RFC: Improving the performance of ItaniumDemangle

(Again), while trying to improve the performance of lldb, I ran into a bottleneck with the demangler. This may be specific to my platform - Ubuntu 16.04, probably using libstdc++, not libc++. It makes extensive use of std::string and std::vector, and I see memory allocation at the top. I prototyped a version that uses an arena-style memory allocator (you can allocate, but you can’t ever free). It is approximately 14+% faster.
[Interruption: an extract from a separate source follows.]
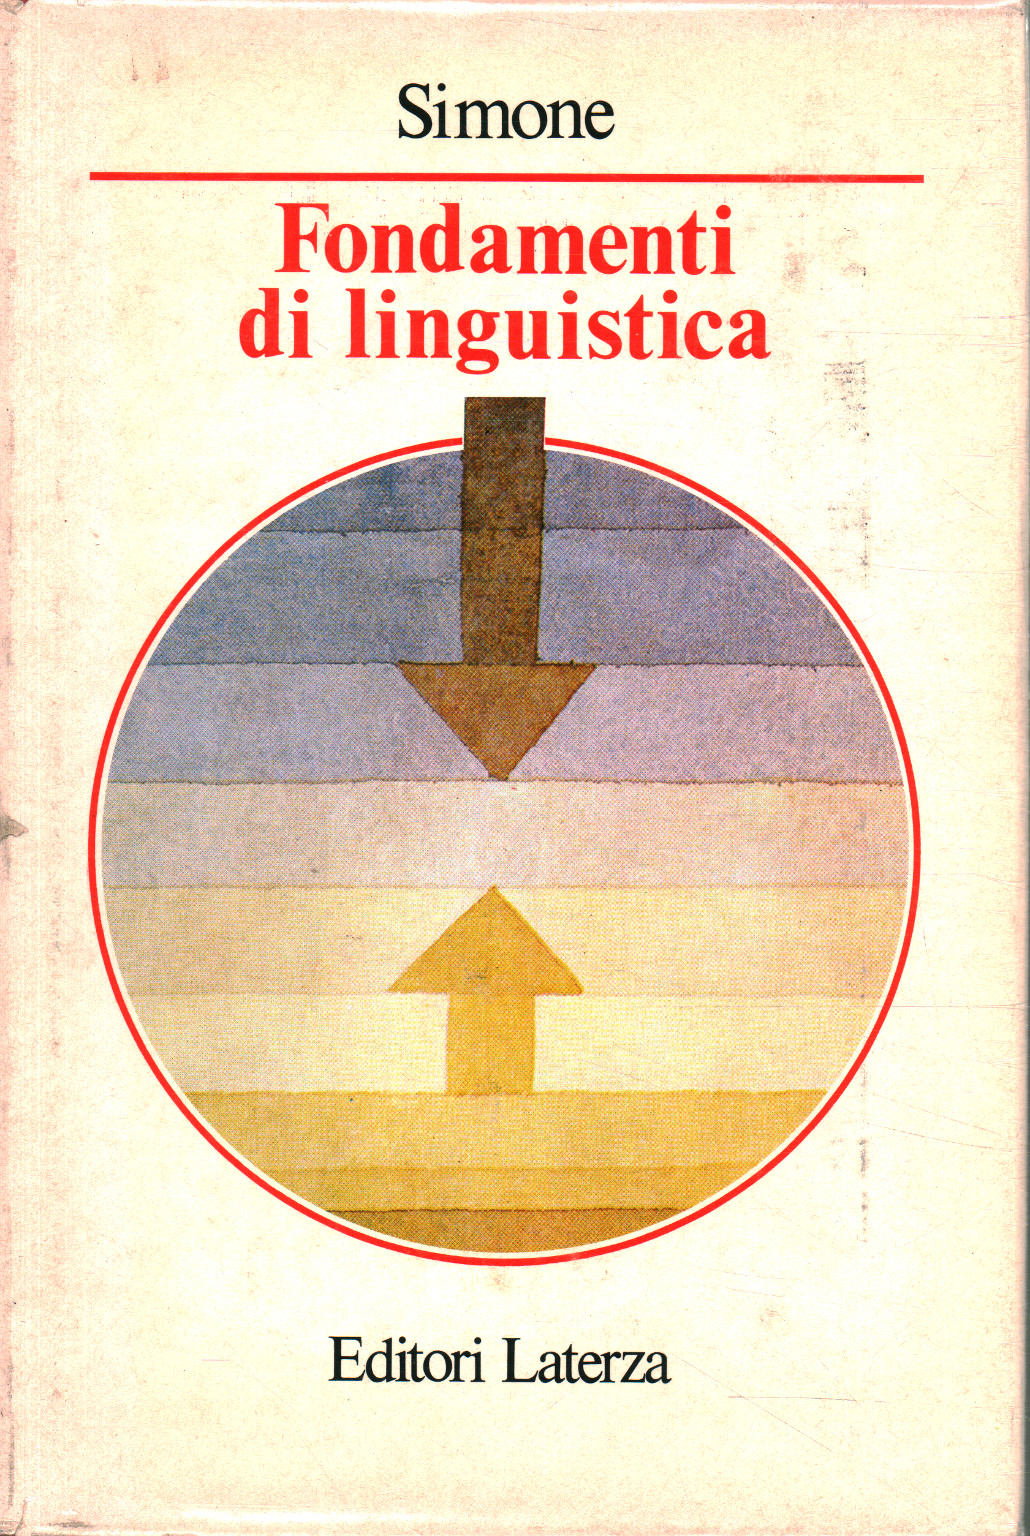 Fundamentals of linguistics

I think I can further optimize it by making repeated appends zero-copy (for the string being appended too).

The code right now is a little ugly, because it uses a thread local variable to pass around the arena pointer, rather than change every + and += to be function calls that take db.arena as a parameter. I’m not sure what you guys would prefer for that either (thread local variable vs api change).
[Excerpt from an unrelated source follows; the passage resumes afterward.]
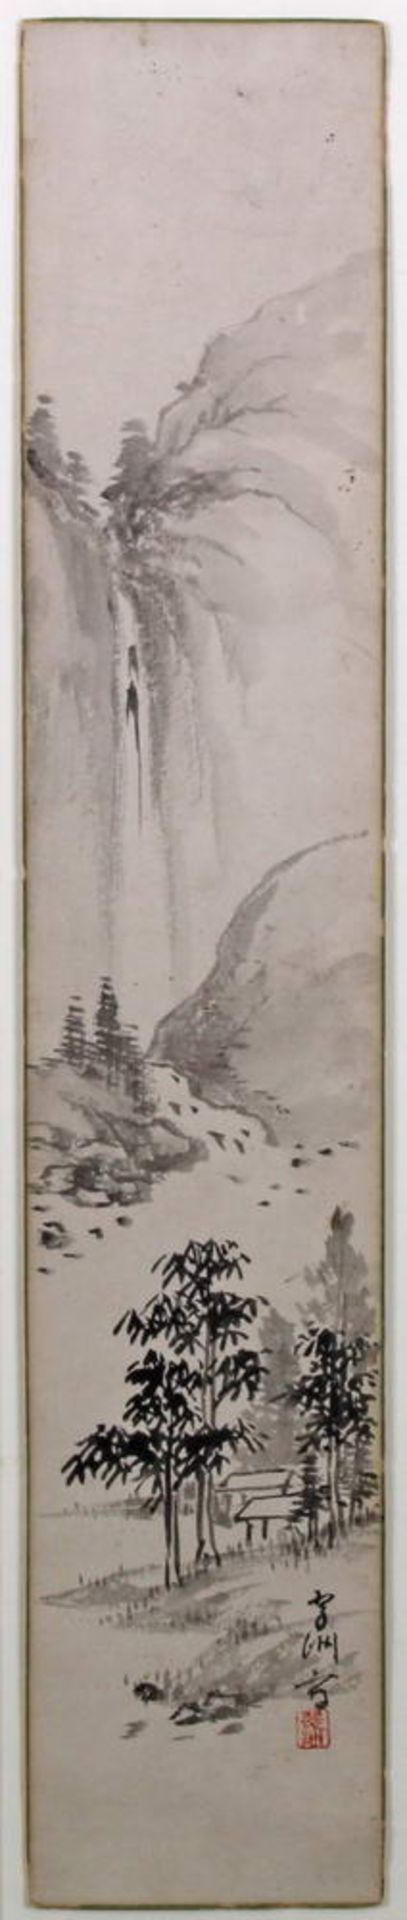 Tuschezeichnung, "Wasserfall", Japan, 20. Jh., 35.5 x 7 cm, unter Glas gerahmt- - -25.00 % buyer's - Bild 2 aus 6

I thought the plan of record was (r280732):

'''
Once the fast demangler in lldb can handle any names this
implementation can be replaced with it and we will have the one true
demangler.
'''

What is the status of lldb's fast demangler? Is it available on Ubuntu 16.04?

vedant

well, top-of-branch lldb uses this code, that’s how I found it. Do you mean libc++'s demangler?

FYI when I said 14+% (and now it’s 17%), I mean the overall performance of starting lldb, not just the demangler itself. It’s probably several times faster now with this change (https://reviews.llvm.org/D32500)
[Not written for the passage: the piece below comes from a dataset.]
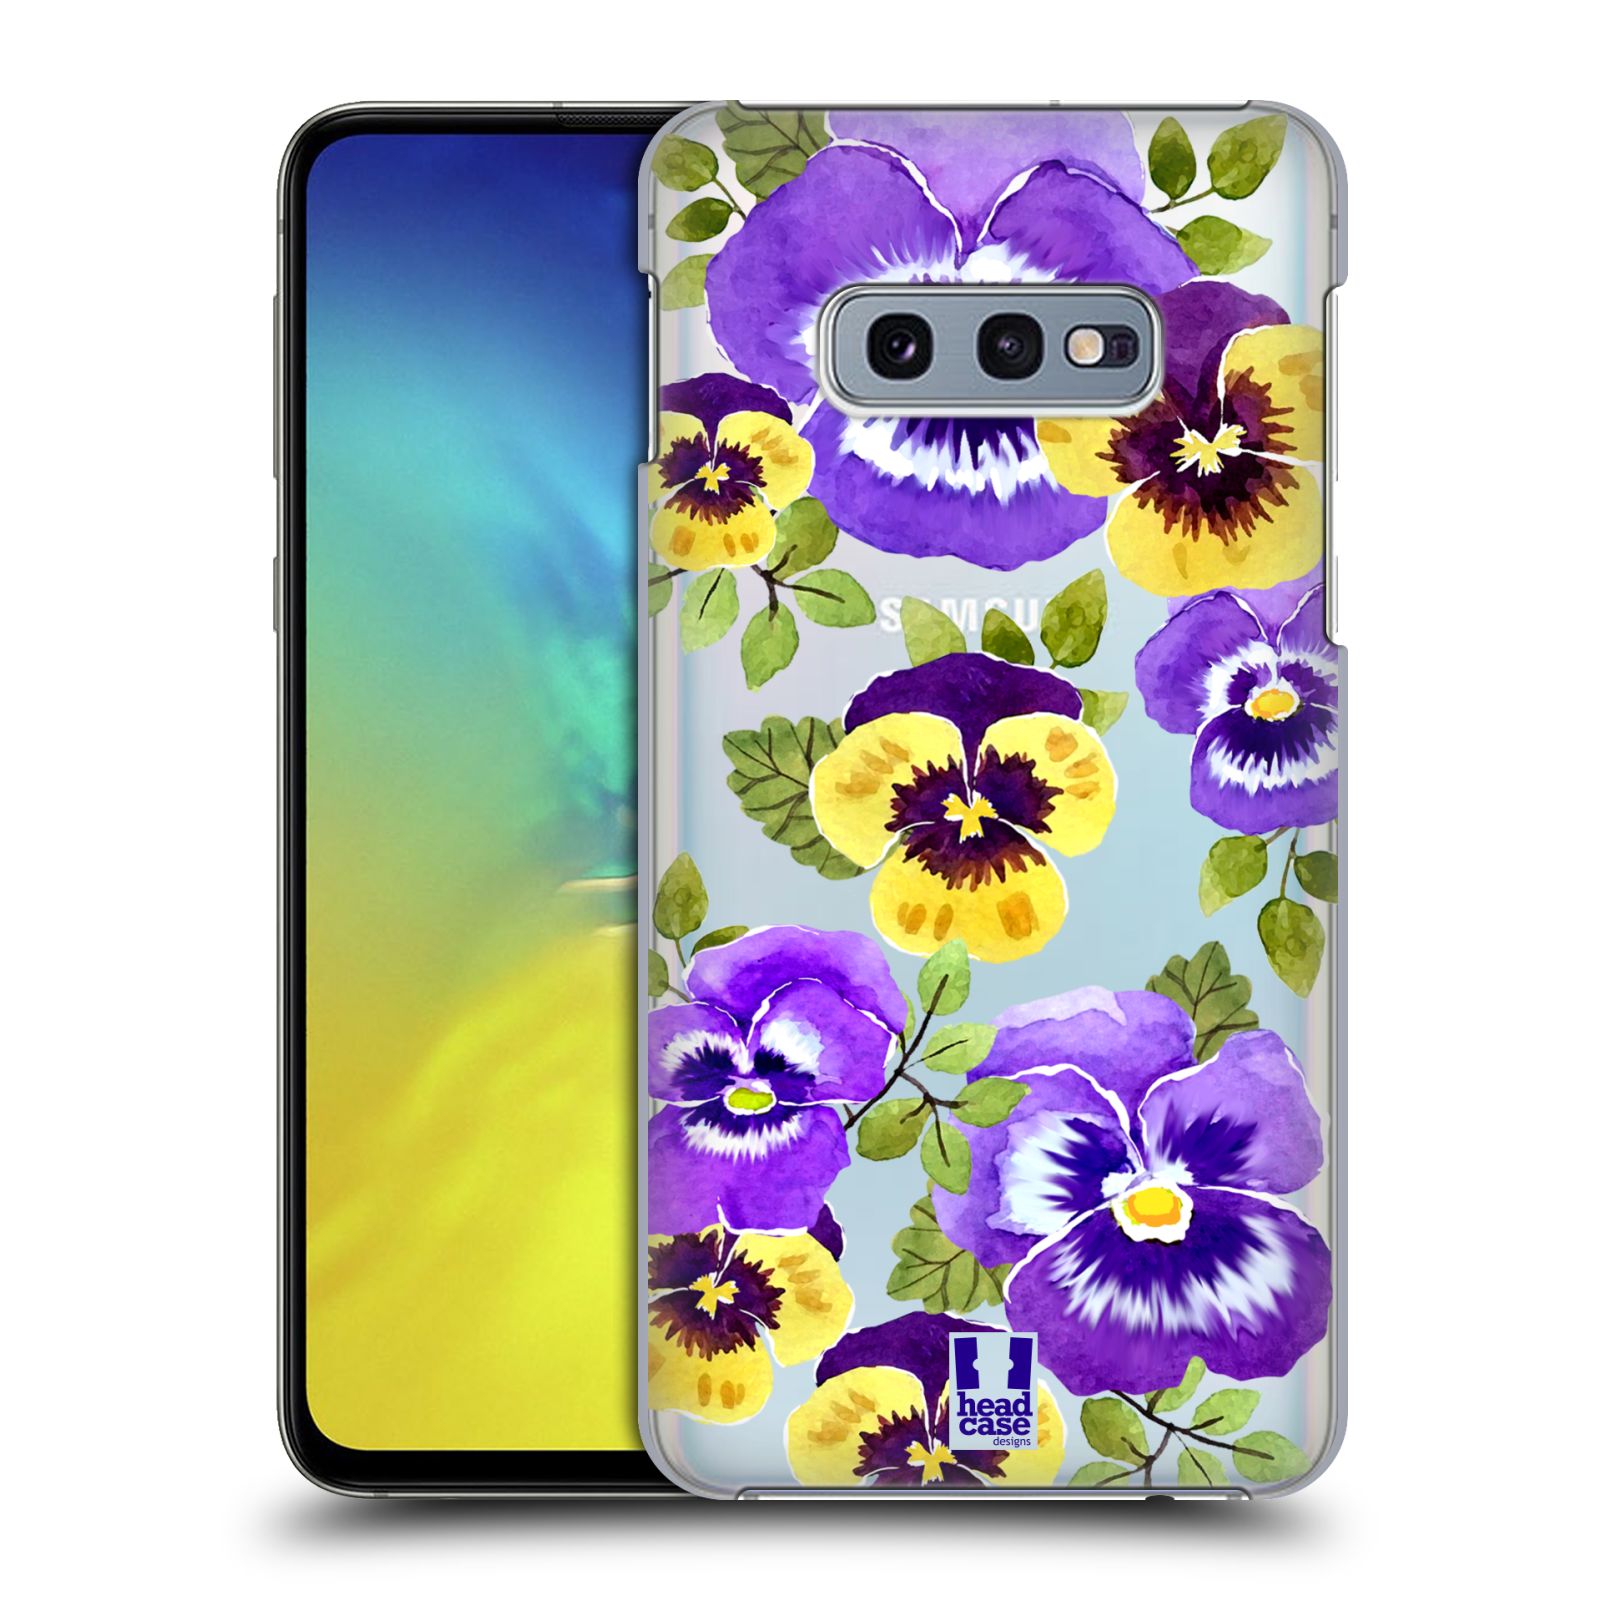 Pouzdro na mobil Samsung Galaxy S10e - HEAD CASE - Maceška fialová barva

well, top-of-branch lldb uses this code, that's how I found it. Do you mean libc++'s demangler?

Thanks for explaining, this is the first time I'm looking at the demangler situation. It looks like libcxxabi has an arena-based demangler, and that the one in llvm is different.

I'm confused by this because the comment in llvm says that libcxxabi is supposed to reuse the llvm demangler. This doesn't seem to be happening, right?

FYI when I said 14+% (and now it's 17%), I mean the overall performance of starting lldb, not just the demangler itself. It's probably several times faster now with this change (⚙ D32500 Optimize ItaniumDemangle by using an arena allocator)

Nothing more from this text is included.